Говорят, большому кораблю, большое плавание, и правильно говорят. На то он большой корабль и есть, чтобы плыть ему по морям и даже океанам. Ничего не поделаешь, судьба у него такая. А всё потому, что в речку, для маленьких кораблей предназначенную, он просто–напросто не поместится. Это для маленьких кораблей, для тех речка предусмотрена. Если такой маленький корабль не иначе, как сдуру и надумает по морю поплавать – ничего не получится: тут же волной захлестнёт и всё, поминай как звали. Поэтому если ты большой корабль, то и плыть тебе по соответствующим водоёмам, по таким, где один берег, собрата своего никогда не видел. А если ты корабль маленький, кораблик, то и плыть тебе по речке, потому что в ней течение есть, и оно обязательно поможет тебе приплыть туда, куда нужно. А вот надо ли тебе это «туда, куда нужно», никого не волнует. Если уж хочешь плыть не туда, куда речка течёт, а туда, куда тебе захочется, рождайся или становись большим кораблём, и тогда пожалуйста. А ещё лучше, и это самое лучшее, сиди на бережочке и смотри, куда другие плывут. Но это штука очень трудная и не каждому по силам, потому что уж очень хочется самому поплавать, вода так и манит.
***
Покуда Иван Премудрый плыл, даже не по Самому Синему морю, а по океану, и вершил великие дела удивляя всех подряд своей премудростью, а царевич Гвидон, поскольку злой волей был превращён в маленький кораблик, должен был начать плавать по речке, да всё что–то мешало.
Нет, за руку его никто не держал, да и вообще на то чем он занимался внимания особого не обращали. Самое главное – живой и здоровый и расти перестал, как в бочке, а что он там делает и где он всё это делает – его забота.
Царица, глядя на царевича Гвидона и радовалась и печалилась одновременно. Кажется говорил уже: казалось бы вот он, сын, сыночек родненький – радость и в старости утеха, а если на себя посмотреть, то вот она, тоска–печаль лютая. Ведь Царица, девчонка ещё совсем, это если по памяти, по её памяти, а на вид – женщина вполне зрелого возраста, вернее будет сказать, в самом соку. Вот и радуйся, и печалься одновременно.
Что касаемо Старика со Старухой, то они ни о каких кораблях, речках, да морях с океанами вовсе и не думали, нечего ерундой всякой голову забивать. Старик, тот каждый день по Самому Синему морю плавал, правда плавал он совсем по другому поводу и не туда, куда голова, хоть и премудрая, но дурная указывает, а туда, где рыбки побольше и где взять её можно полегче, вот вам и вся разница. Опять же, Старуха перестала пилить и ругаться, а это, скажу вам, поважнее и получше всяких там больших кораблей с морями–океанами будет.

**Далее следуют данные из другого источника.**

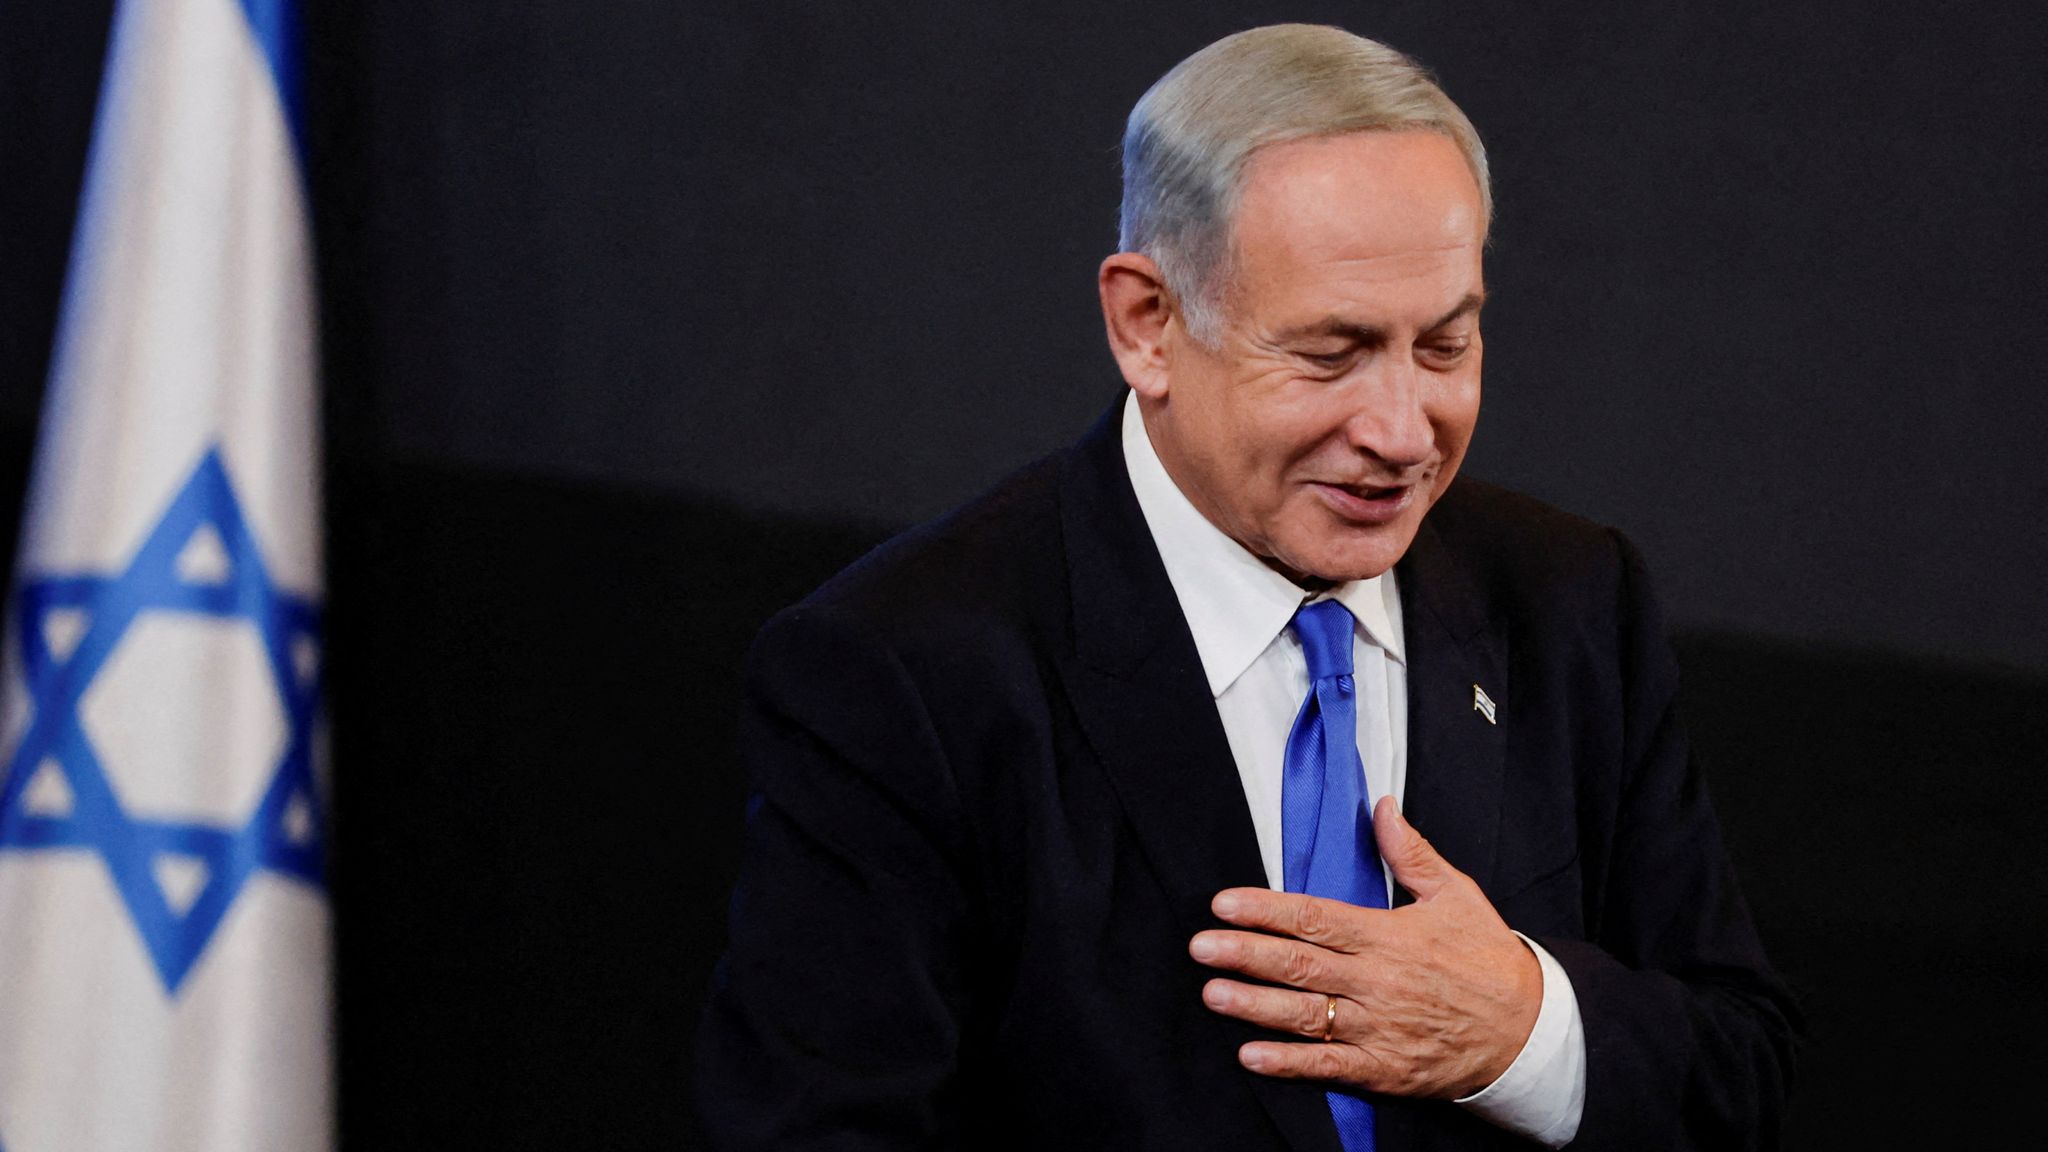 Élections législatives israéliennes : Netanyahu réussit à obtenir une majorité avec ses alliés de droite

А Старуха, что Старуха? Она, как и любая деревенская женщина, с утра и до вечера хлопотала по хозяйству, ну разве что от других деревенских женщин отличалась тем, что мужа своего, Старика, ждала каждый день и переживала. Ведь как не крути, а море, пусть оно хоть трижды Самое Синее, всё–таки море. И что удивительно, это она сама себе удивлялась, Старухе неожиданно очень понравилось не ругаться на Старика, а обходиться с ним ласково и даже нежно. Вот и пойми этих женщин.
***
Вполне возможно будет предположить, что столь долгое пребывание Царицы и царевича Гвидона у Старика со Старухой, если по правде жизни, не должно было остаться без внимания. Да что вы! Да Матрёниха просто–напросто себя уважать перестала бы, а то и вообще прокляла последними словами. Это где ж такое видано: в деревне чужие люди, почитай третий месяц живут, а заключения по этому поводу никакого нет, ну сами подумайте – стыд и срам! Вот и я о том же.
Но обвинять Матрёниху в неисполнении обязанностей, жизнью на неё возложенных, язык не повернётся и вот почему. Матрёниха уже было собиралась ознакомить односельчан с её авторитетным мнением по поводу пребывания каких–то никому неизвестных людей в деревне, как случилось такое, что незнакомцы эти из Матрёнихиной головы напрочь исчезли.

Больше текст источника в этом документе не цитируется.